[DATA SECTION]

[Start of section]

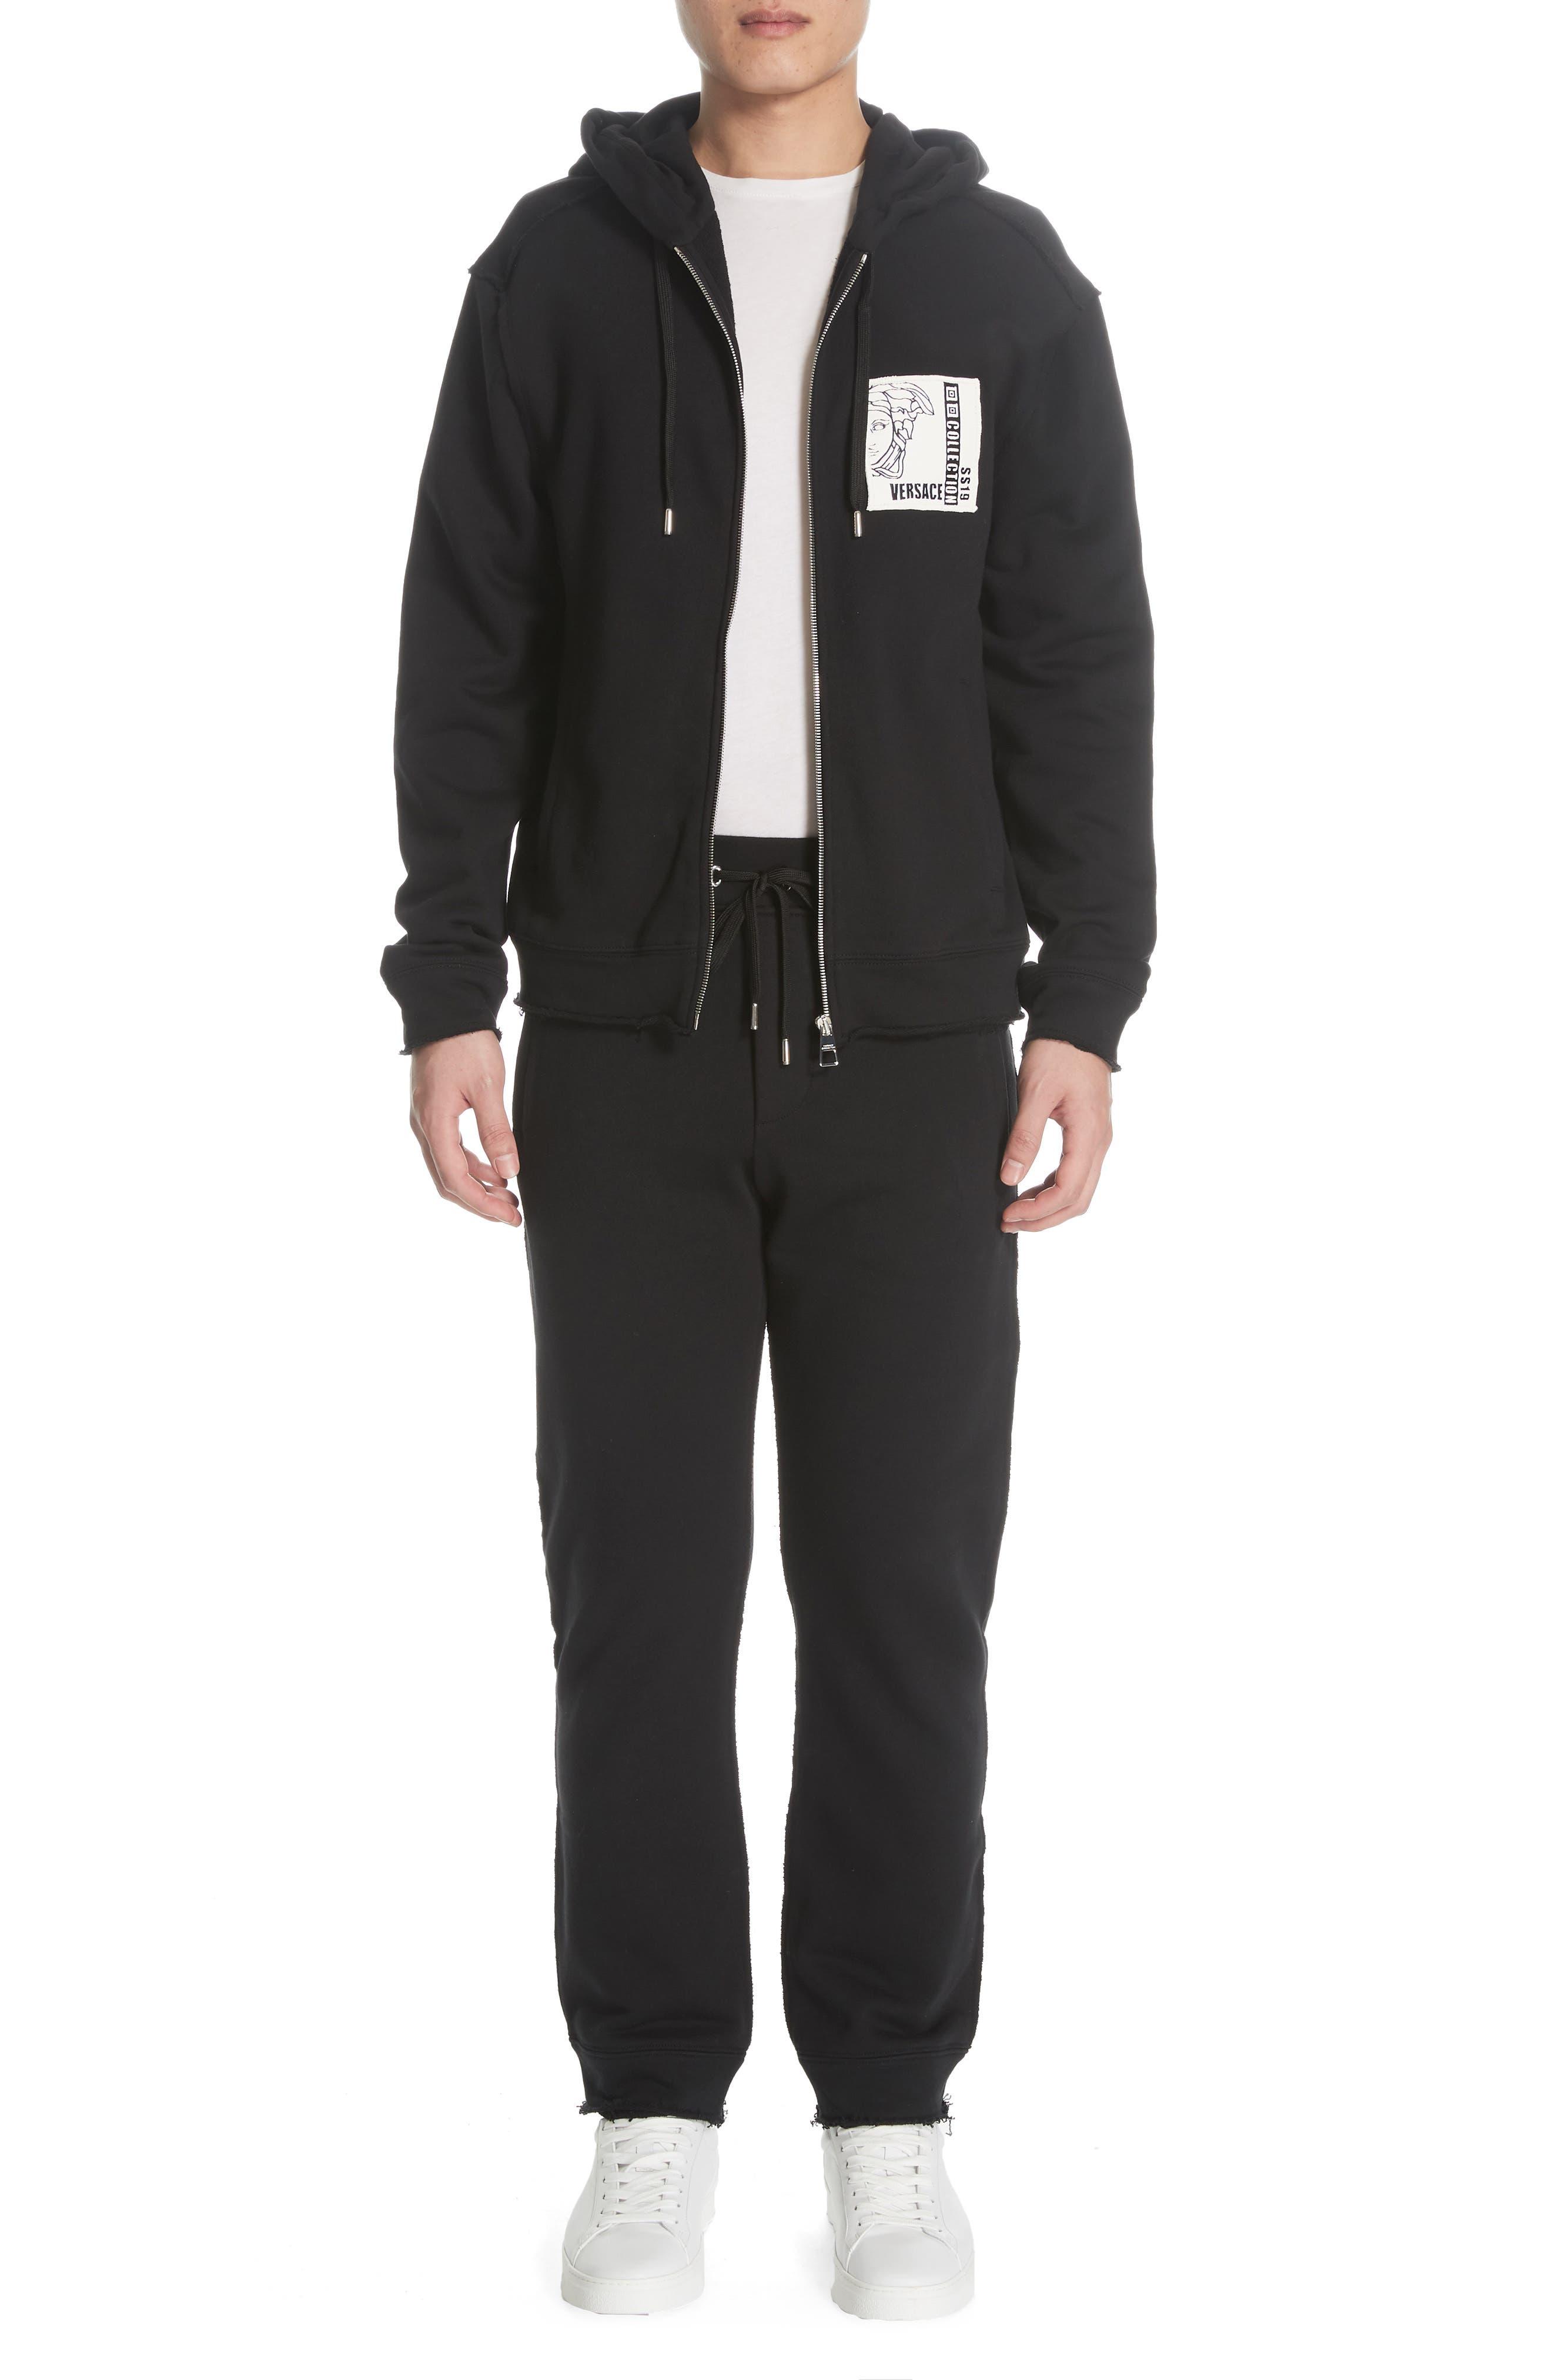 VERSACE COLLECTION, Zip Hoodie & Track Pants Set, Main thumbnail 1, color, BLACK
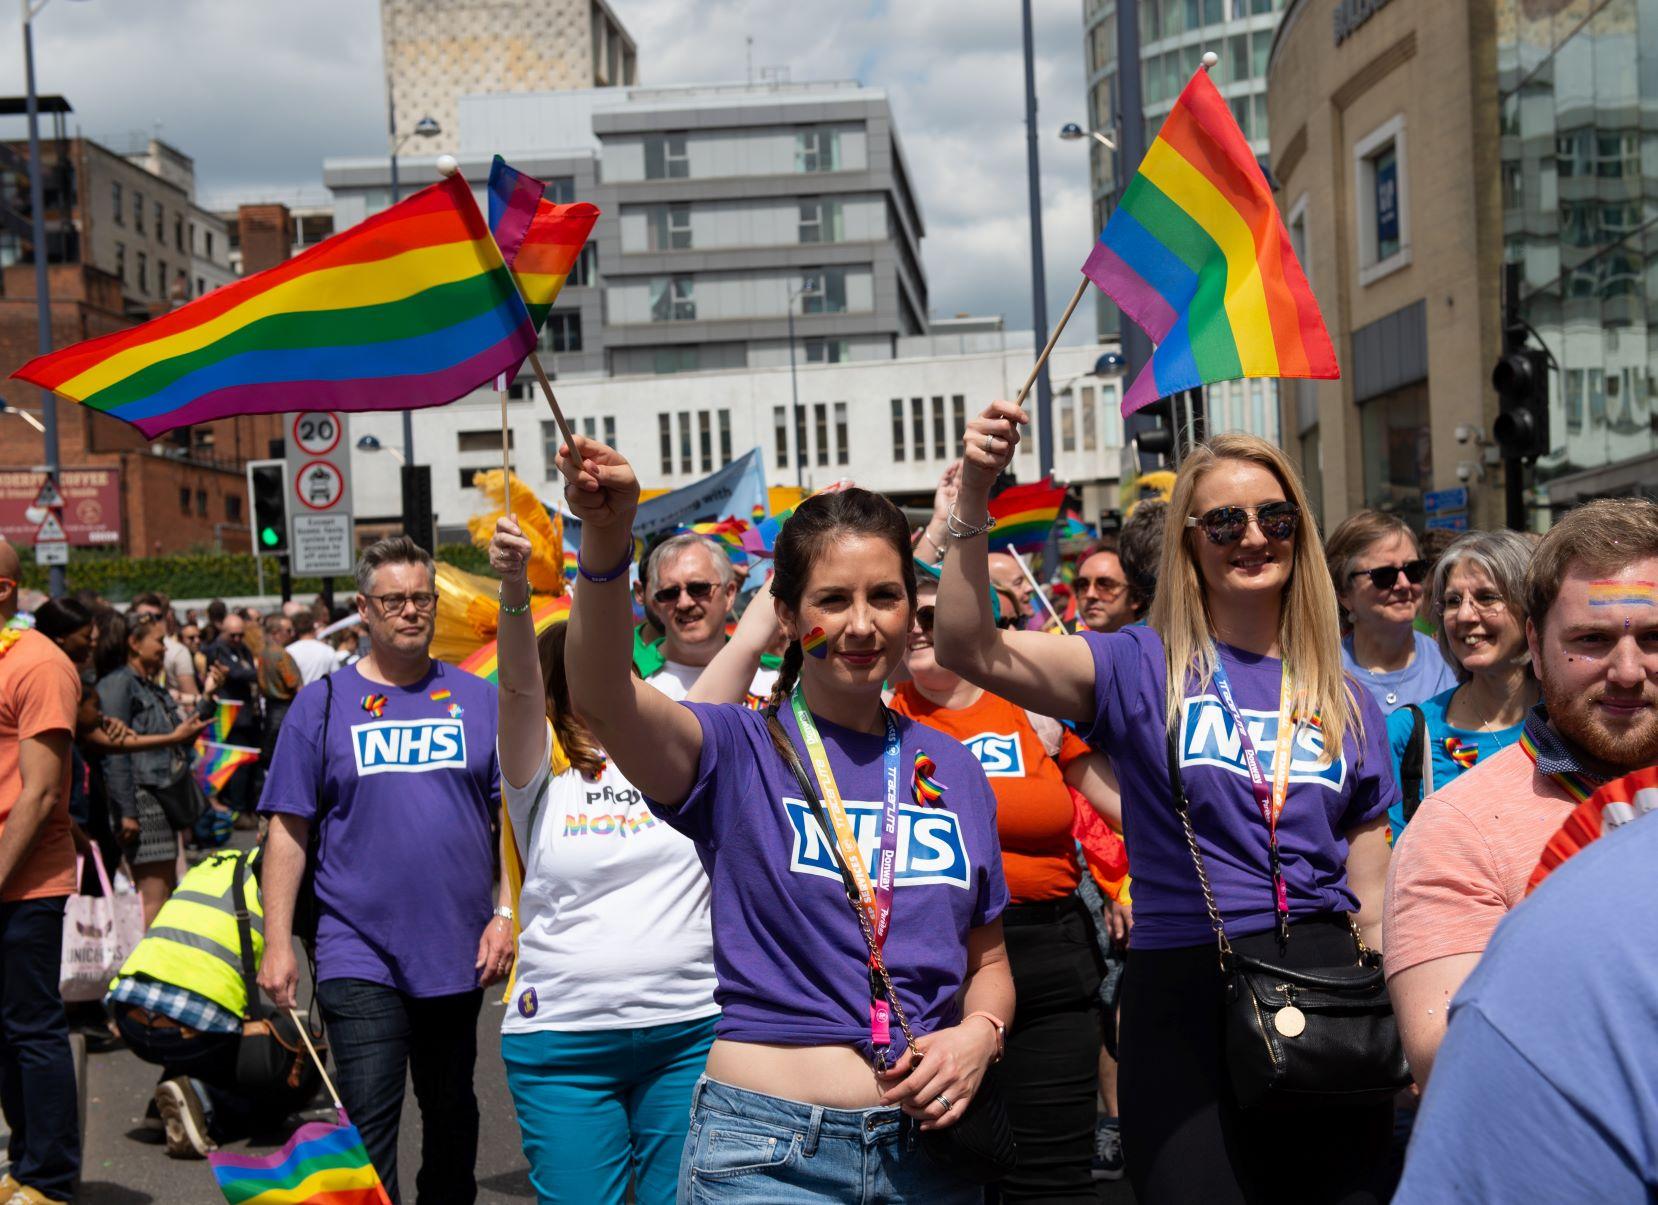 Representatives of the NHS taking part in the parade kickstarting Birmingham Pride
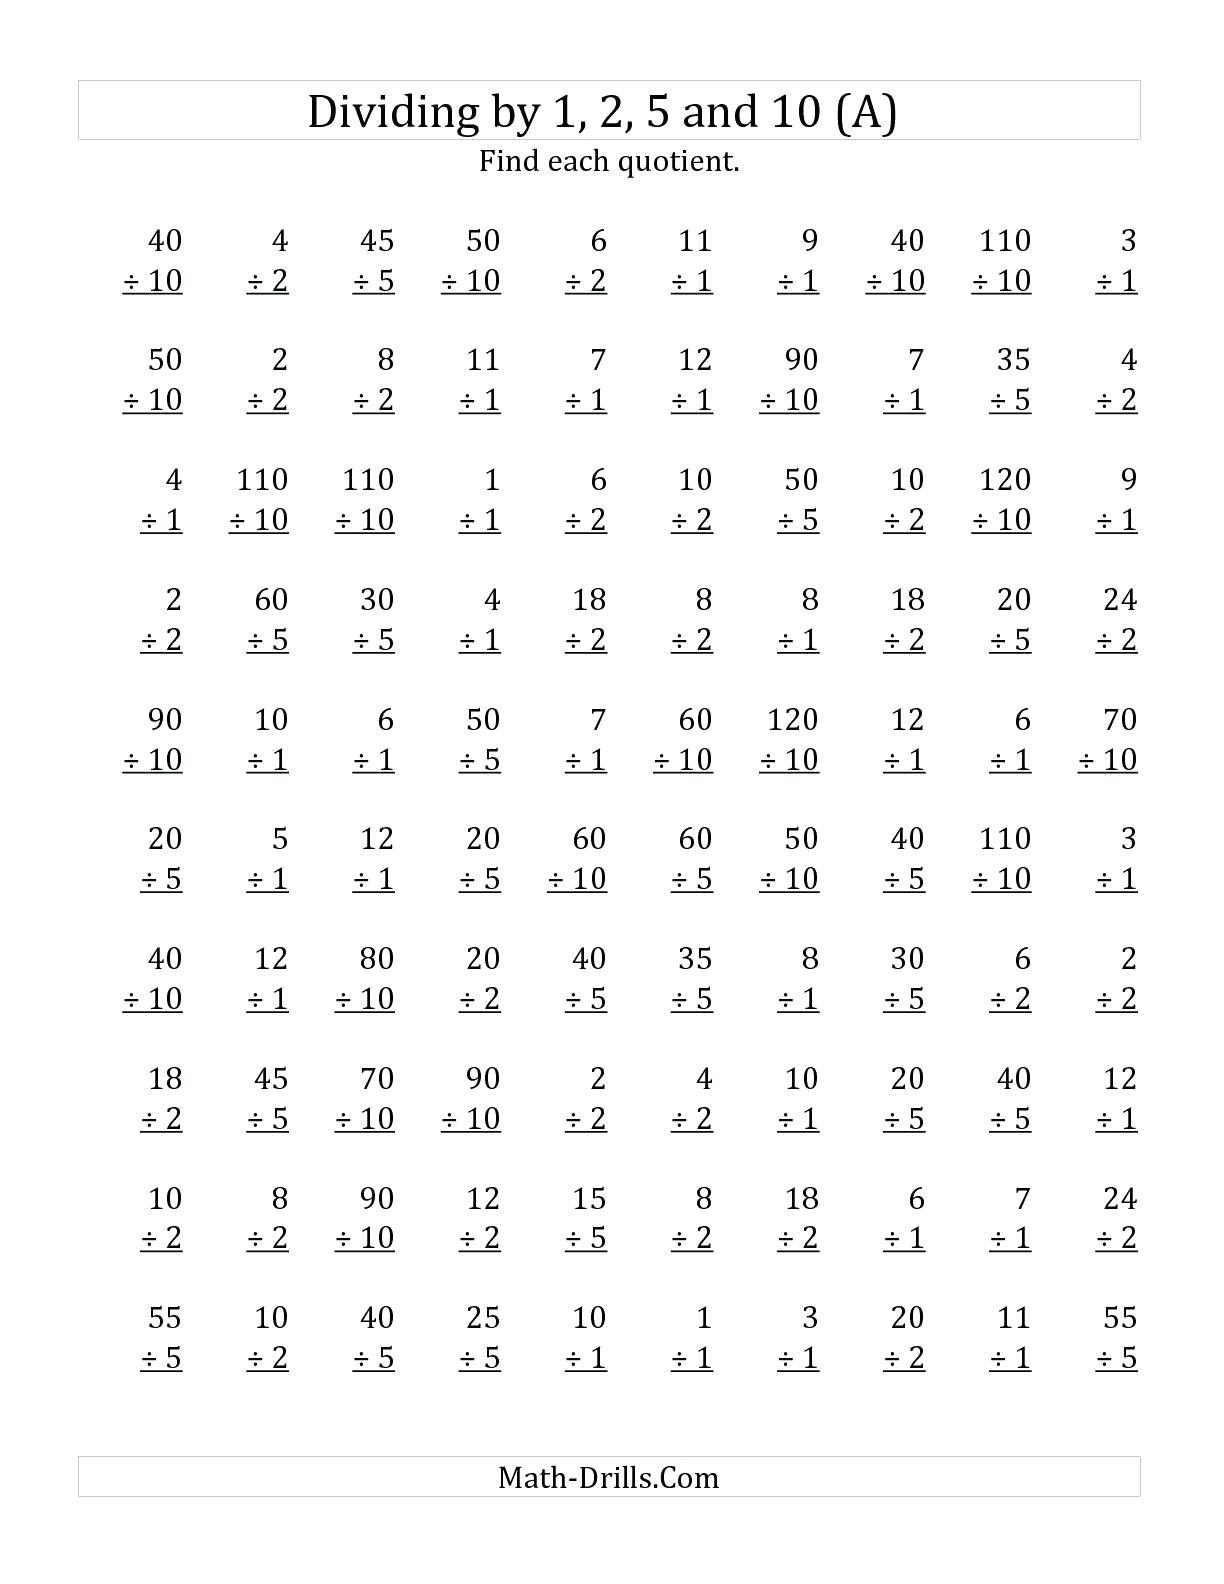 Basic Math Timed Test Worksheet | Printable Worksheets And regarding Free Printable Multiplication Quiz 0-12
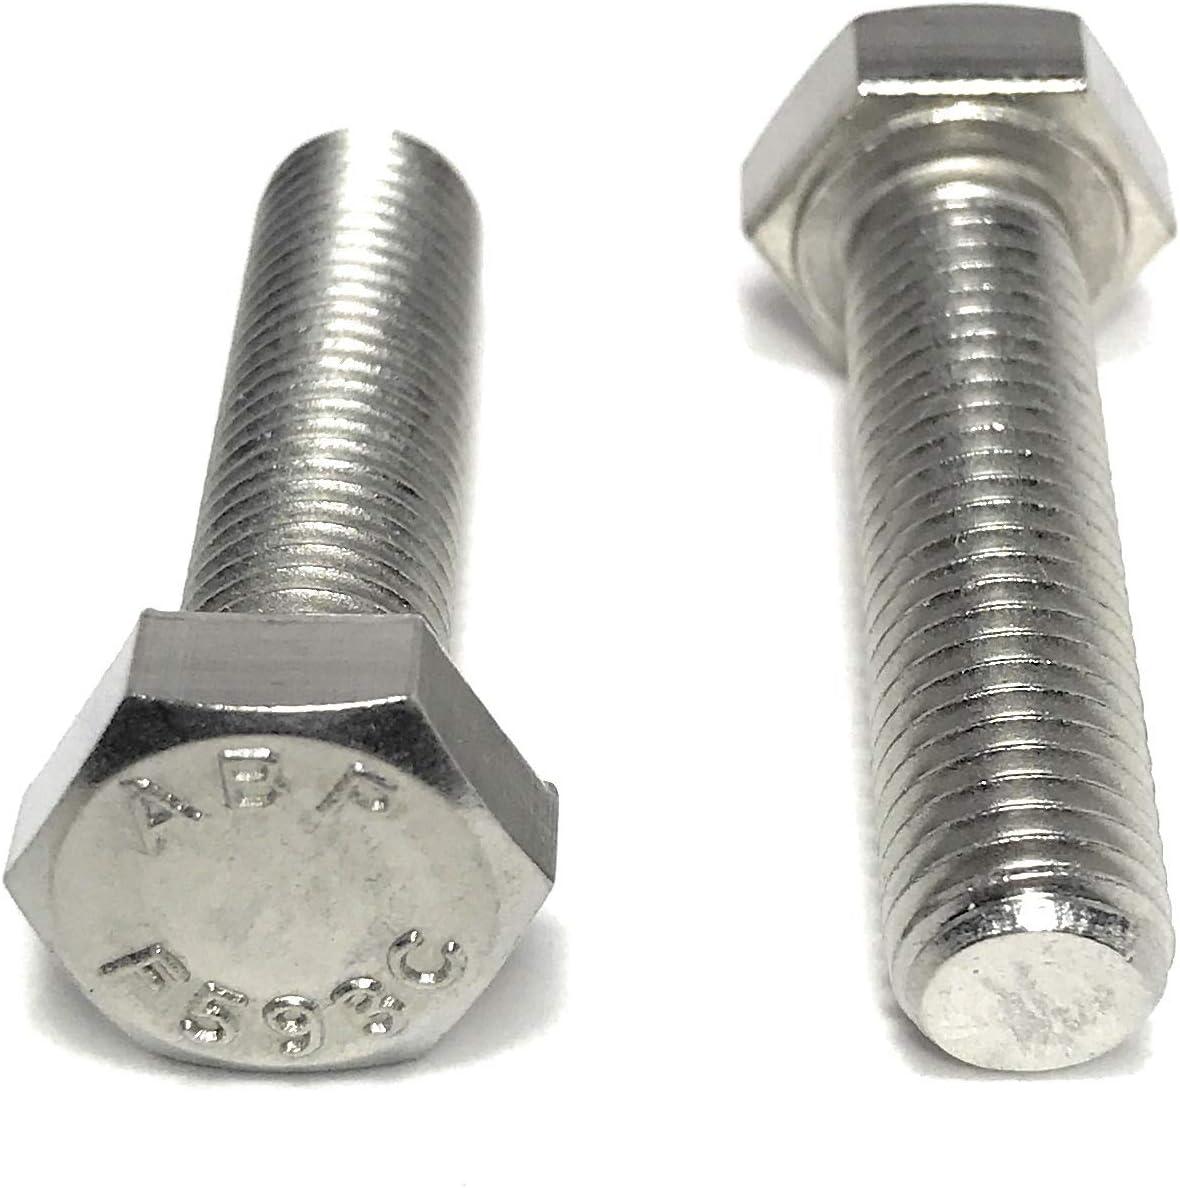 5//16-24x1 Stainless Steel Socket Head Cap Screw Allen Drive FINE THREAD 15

[End of section]

[WHAT NEEDS TO BE DONE] Once the images are set aside, retype all of the material above exactly.

[ANSWER TO THE EXERCISE]
 VERSACE COLLECTION, Zip Hoodie & Track Pants Set, Main thumbnail 1, color, BLACK
 Representatives of the NHS taking part in the parade kickstarting Birmingham Pride
 Basic Math Timed Test Worksheet | Printable Worksheets And regarding Free Printable Multiplication Quiz 0-12
 5//16-24x1 Stainless Steel Socket Head Cap Screw Allen Drive FINE THREAD 15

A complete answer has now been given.